Ebrahim Raisi, o oitavo presidente do Irão, e o Ministro dos Negócios Estrangeiros Hossein Amirabdollahian, morreram, este domingo à tarde, num acidente de helicóptero, juntamente com mais seis tripulantes, quando sobrevoavam o distrito de Bakrabad, junto da fronteira com o Azerbaijão. Após várias horas de buscas, dificultadas pelo denso nevoeiro na região, por parte de equipas de socorro iranianas e turcas, munidos de equipamento com visão de noturna, os destroços do helicóptero foram encontrados, ontem, sem sobreviventes.
As autoridades iranianas oficialmente atribuíram o acidente ao mau tempo, mas alguns apoiantes do regime de Teerão apontaram o dedo a Israel, acusando a Mossad de estar envolvida no incidente, indicando que, dos três helicópteros que faziam parte da comitiva, apenas o de Raisi sofreu um acidente.
Para já, não há mais detalhes sobre as investigações feitas no terreno após as operações de resgate, mas Israel nega qualquer envolvimento no sucedido.

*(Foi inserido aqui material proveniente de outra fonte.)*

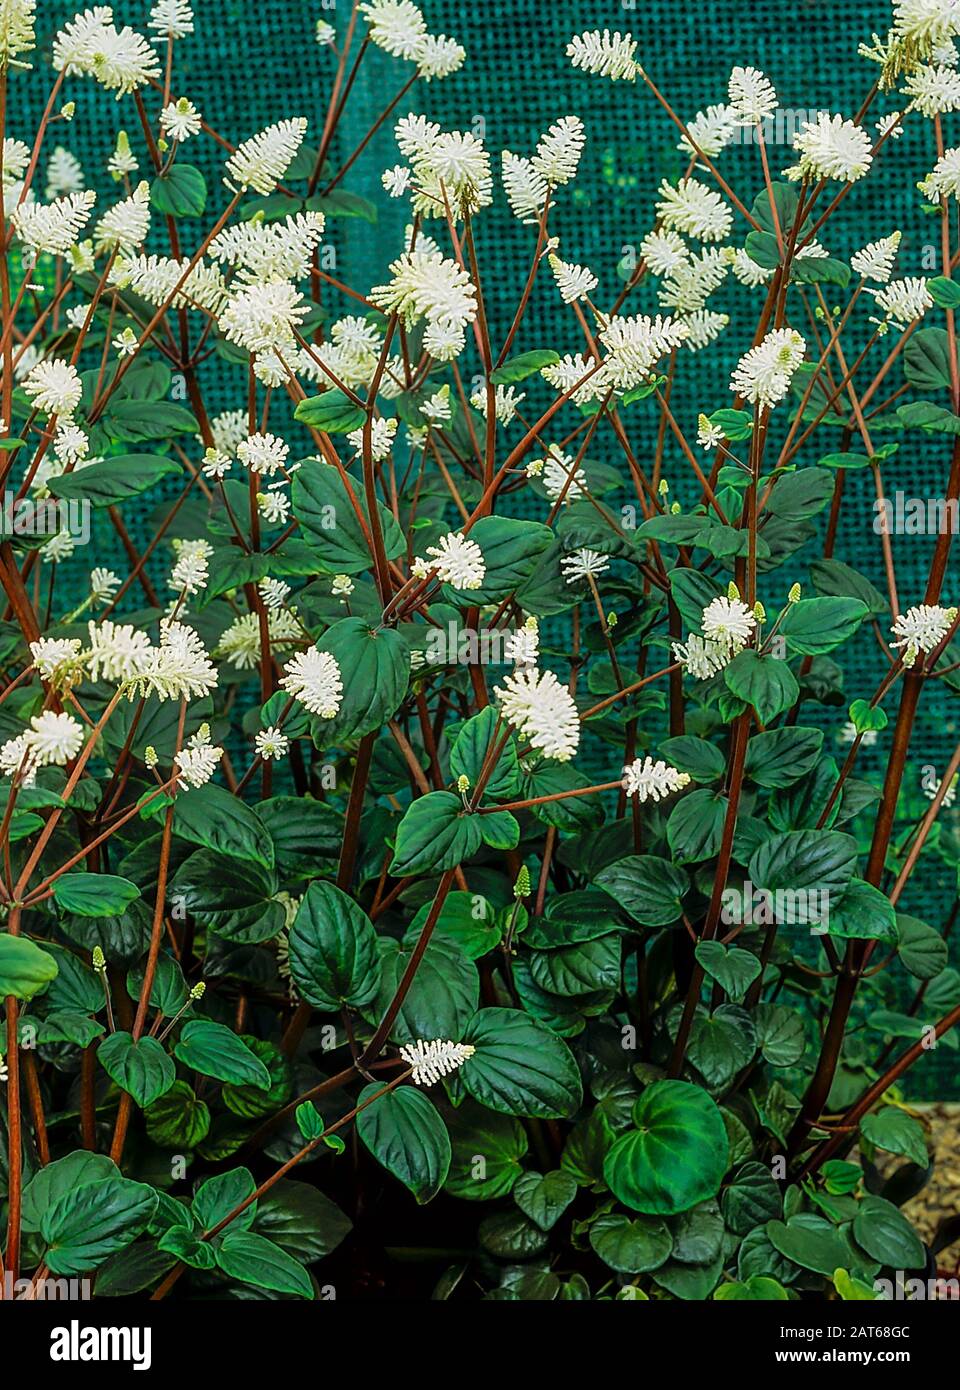 Peperomia resediflora oder Peperomia fraseri ist eine schattenliebende Pflanze, die Stacheln weißer Blumen aufweist. Es ist immergrün, sommerlich blühend und frostweich. Stockfoto

O rescaldo do incidente incluiu condolências por parte de diversos líderes mundiais, e países como o Líbano, Síria e Paquistão declararam luto nacional de três dias.
Grupos associados ao Irão, como o Hezbollah e o Hamas, lamentaram também a morte de Raisi e esta sexta-feira está agendado um discurso do Secretário-geral do Hezbollah, Sayyed Hassan Nasrallah, que incluirá referências ao acidente.
Por outro lado, John Kirby, porta-voz do Conselho de Segurança Nacional dos Estados Unidos da América, relembrou que Raisi violou direitos humanos e Tom Tugendhat, Ministro de Estado da Segurança britânico, afirmou que o Reino Unido não lamentará a morte do presidente defunto, já que o seu regime foi responsável por assassinar milhares de pessoas inocentes.
As reações dentro do Irão foram polarizadas. Ainda antes da confirmação da morte de Raisi, várias cidades organizaram vigílias com rezas dedicadas ao líder Iraniano, enquanto um números incalculável de cidadãos festejaram efusivamente com fogo-de-artifício, danças e partilhas de conteúdos nas redes sociais a troçar o presidente.
Raisi, 63 anos de idade, também conhecido como o “Carniceiro de Teerão” pelo seu envolvimento nas execuções de milhares de presos políticos no final dos anos 80, era detestado por milhões de iranianos, dentro e fora do país.
A morte de Raisi, cujo cargo presidencial será ocupado temporariamente por Mohammad Mokhber até às próximas eleições, no dia 28 de junho, deixa o Irão num impasse geopolítico. Se por um lado, o Supremo Líder Iraniano Ali Khamenei indicou que a morte de Raisi não causará alterações significativas na agenda do executivo, há o receio de que as tensões na região aumentem, especialmente se houver provas de que Israel esteve diretamente implicado no acidente, tendo em conta que ambos os países estiveram mutuamente envolvidos em ataques militares diretos, no mês passado, tendo levado o conflito a patamares sem precedentes.